**What to produce**
Pictures are to be left out, and only the lines from the one containing "La Palma, una isla de contrastes" through the last line of the data are to be returned exactly.
··· Source material ···
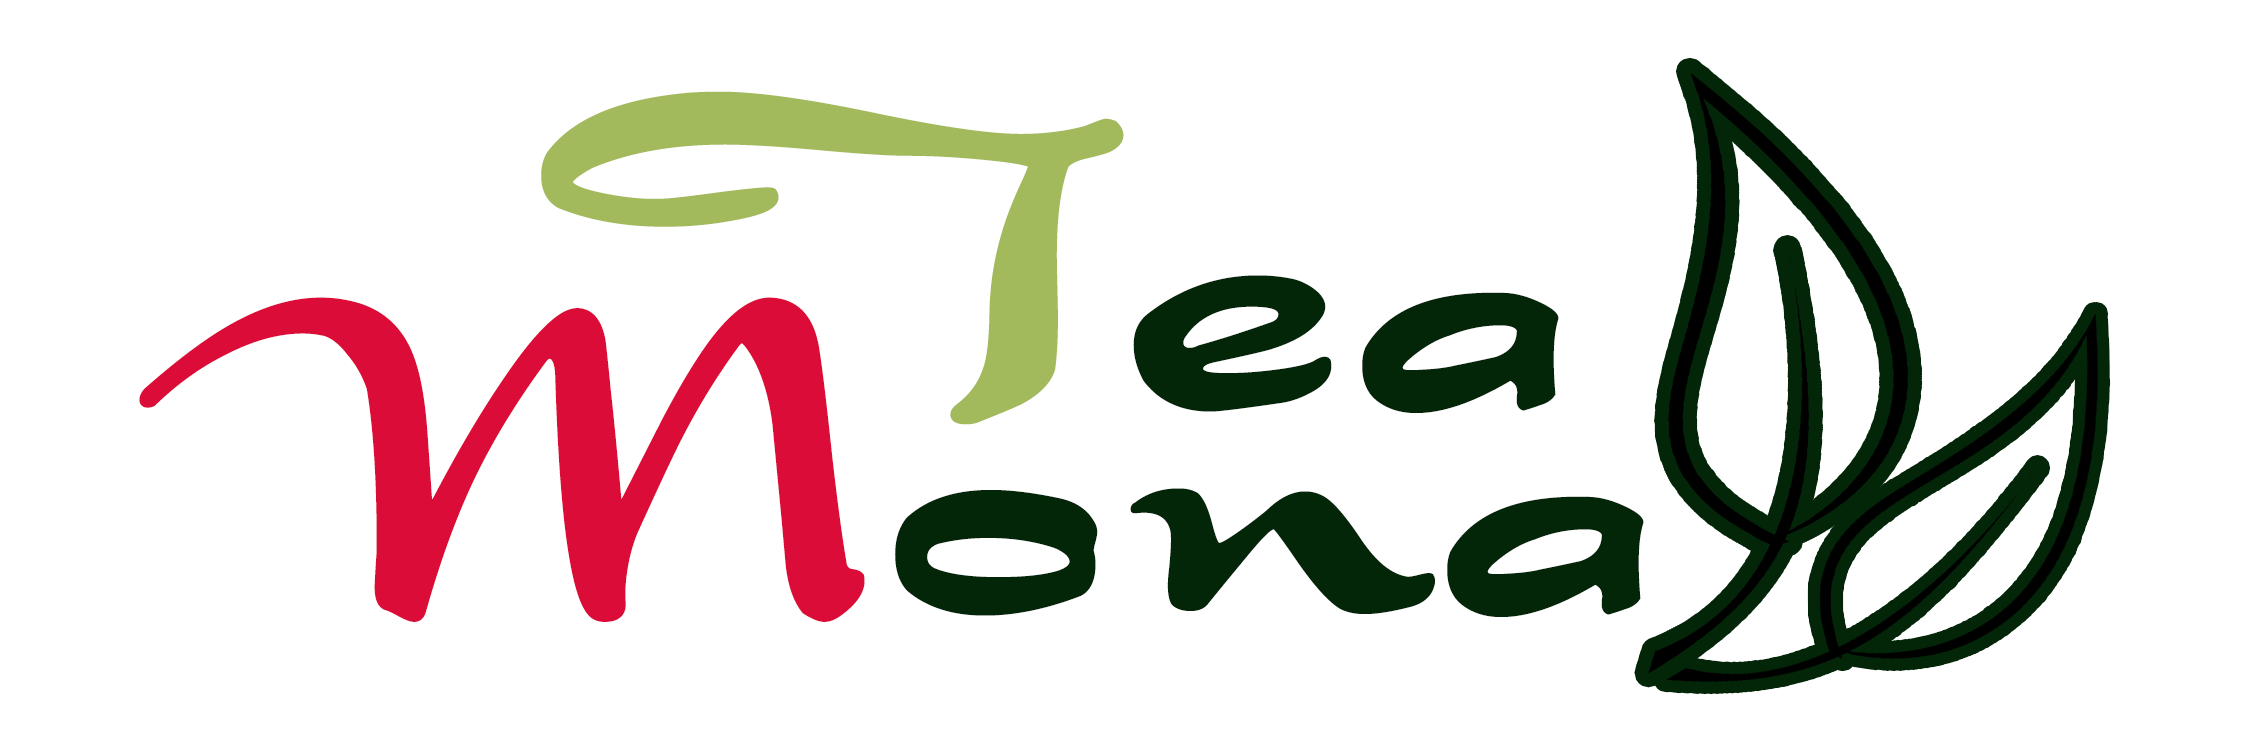 Teamona
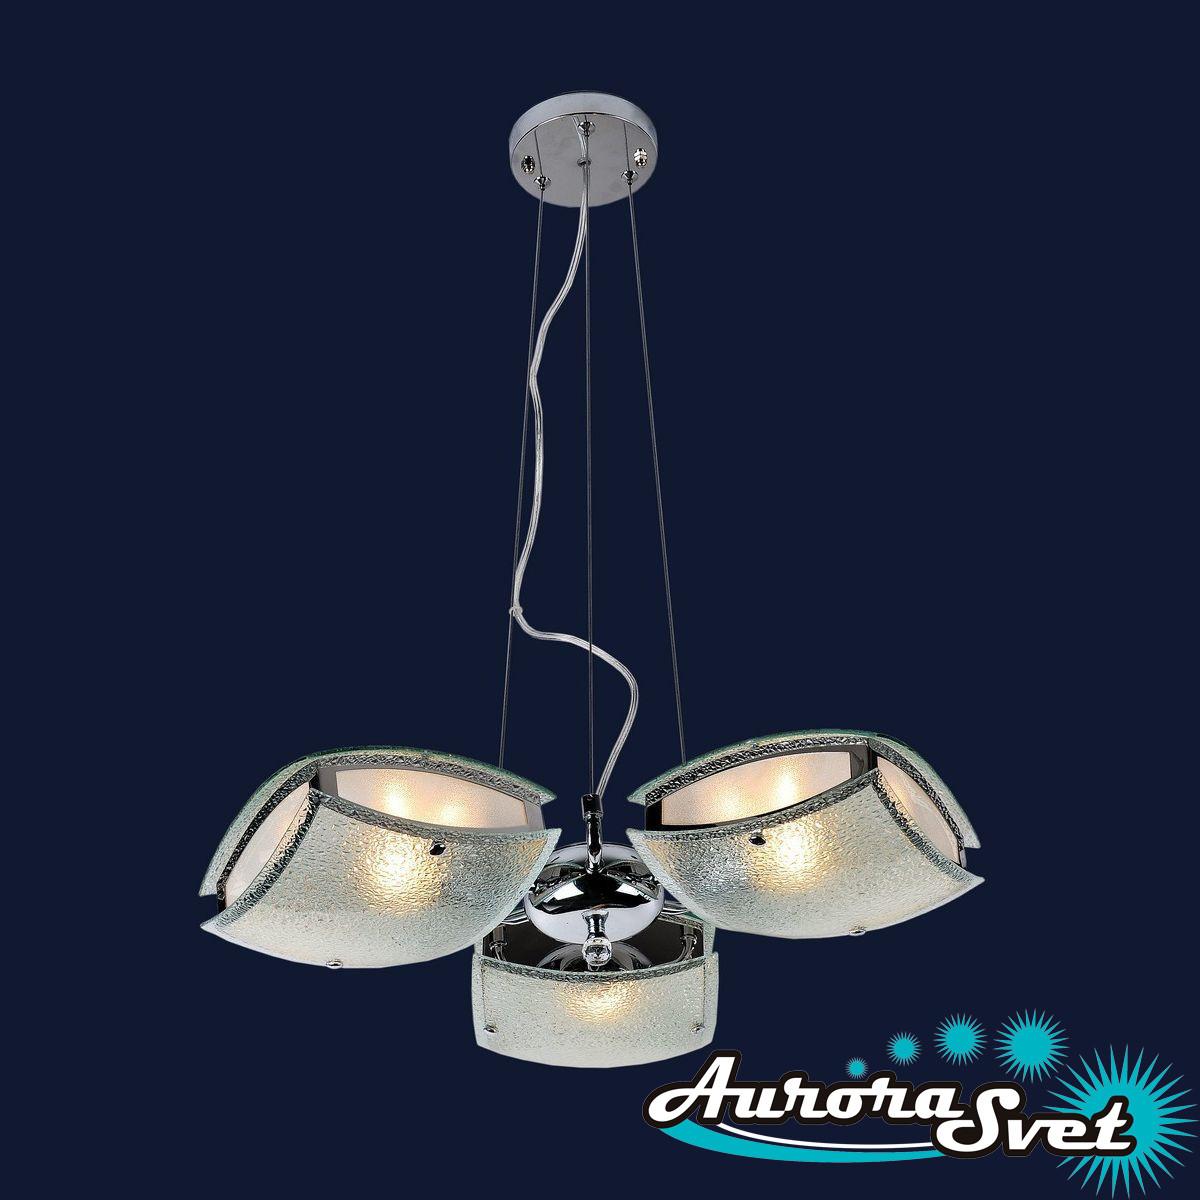 Люстра подвесная AuroraSvet 011. LED светильник люстра. Светодиодный светильник люстра.
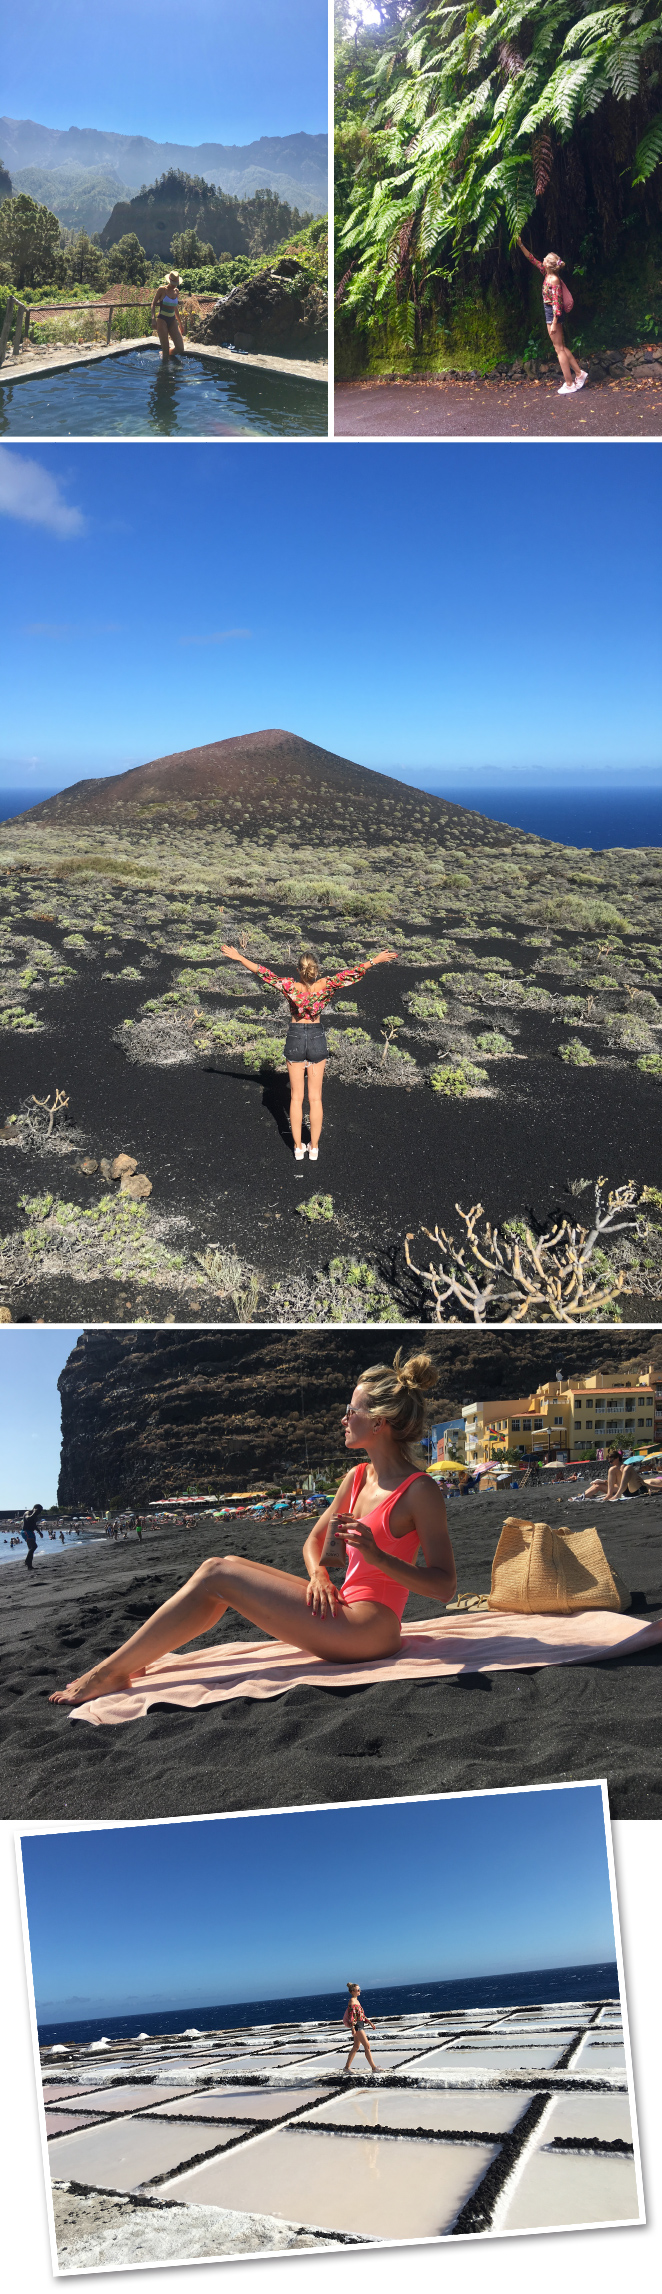 La Palma, una isla de contrastes
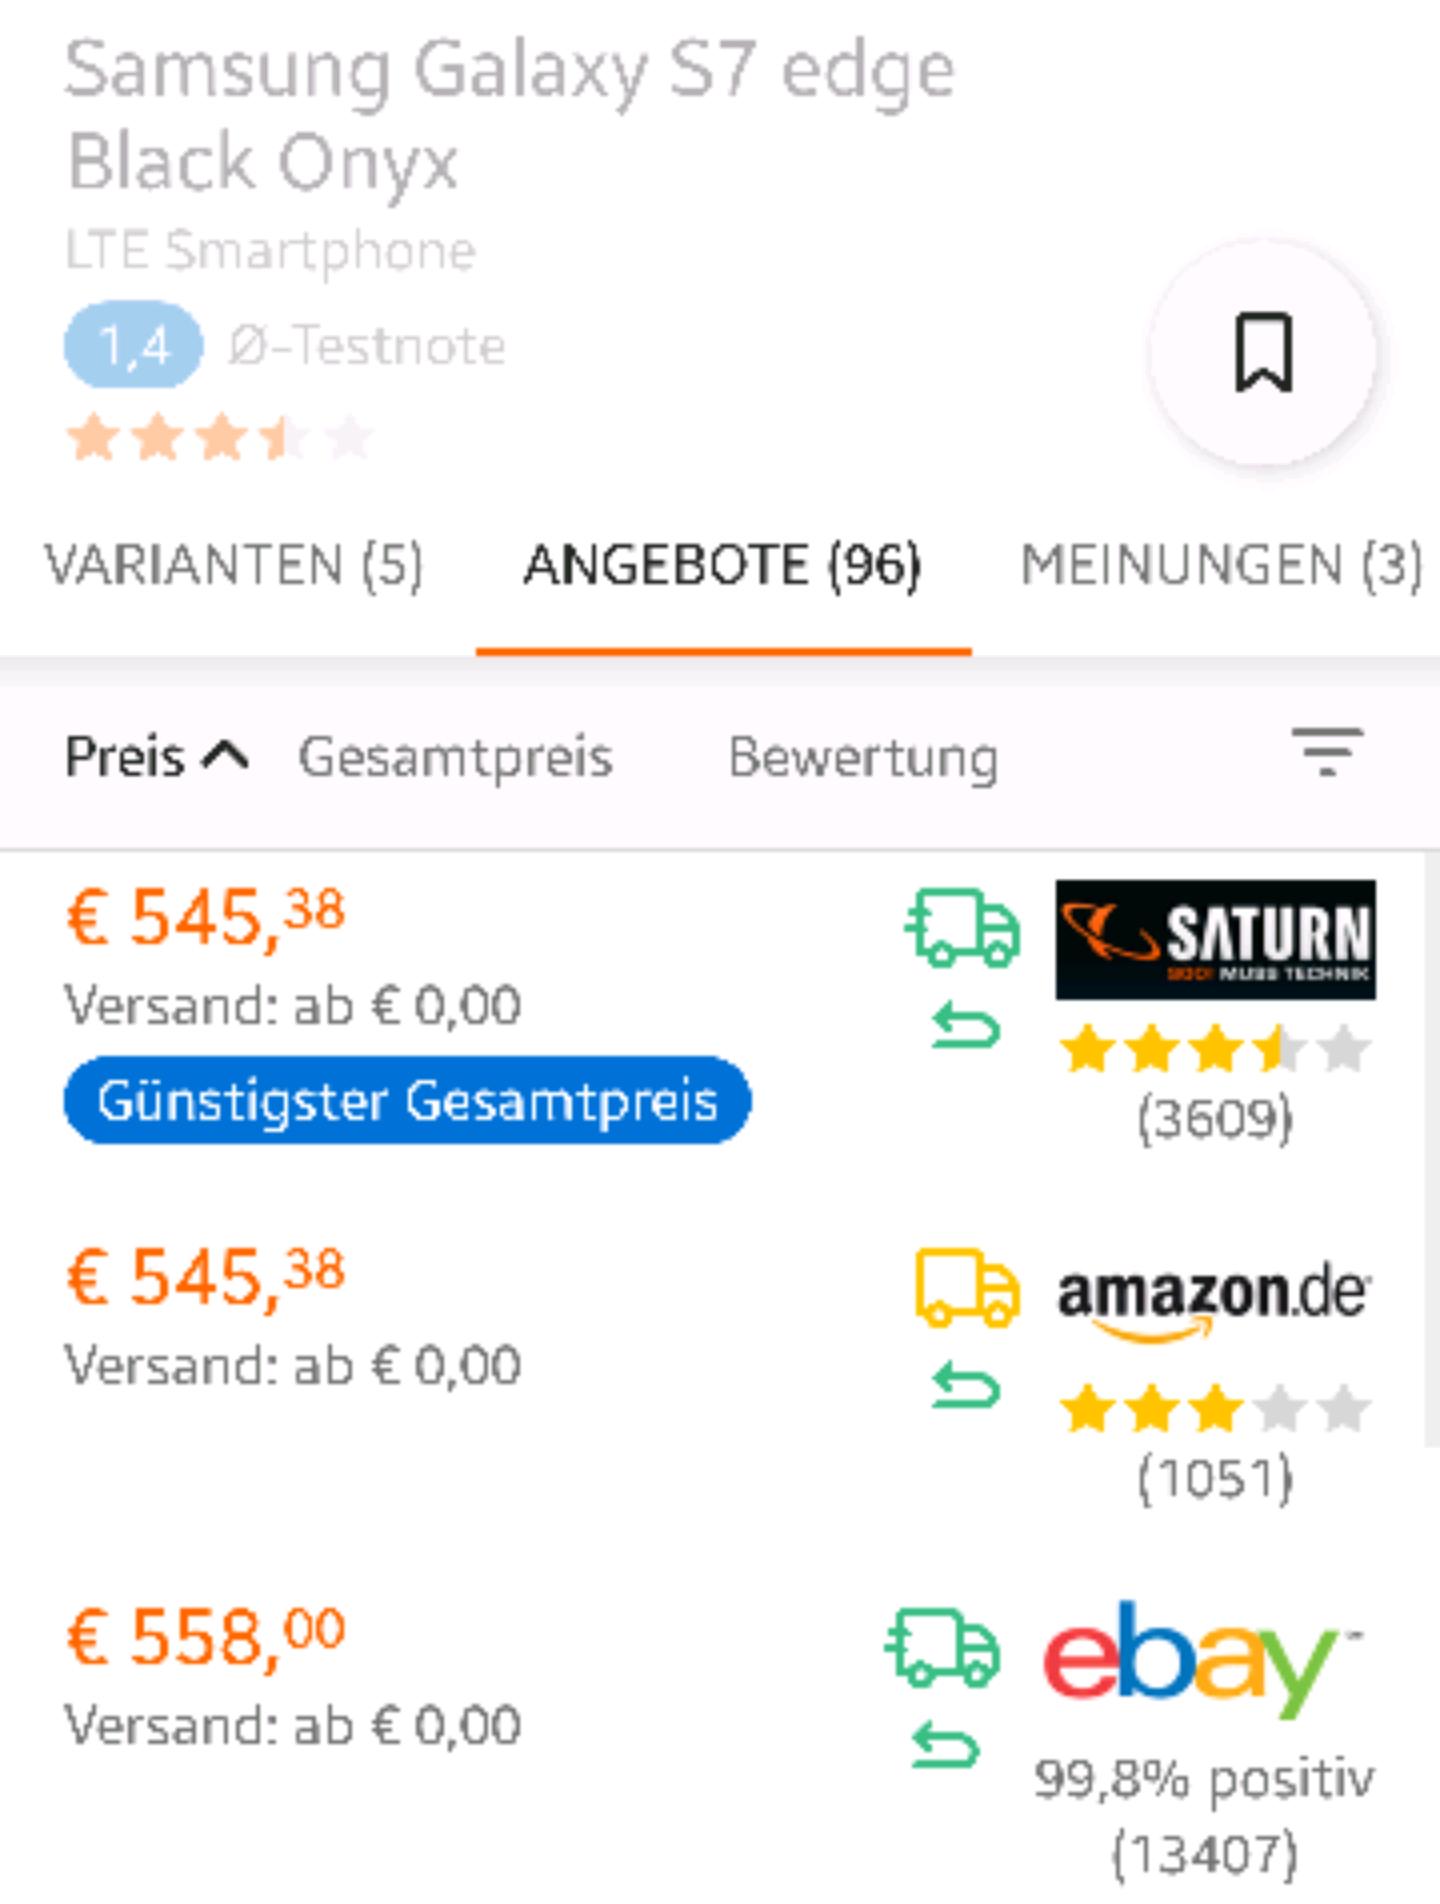 Amazon Elektronik mit gleichem Preis wie bei Saturn(MwSt-Aktion) aktuell
···
**Task answer**
 La Palma, una isla de contrastes
 Amazon Elektronik mit gleichem Preis wie bei Saturn(MwSt-Aktion) aktuell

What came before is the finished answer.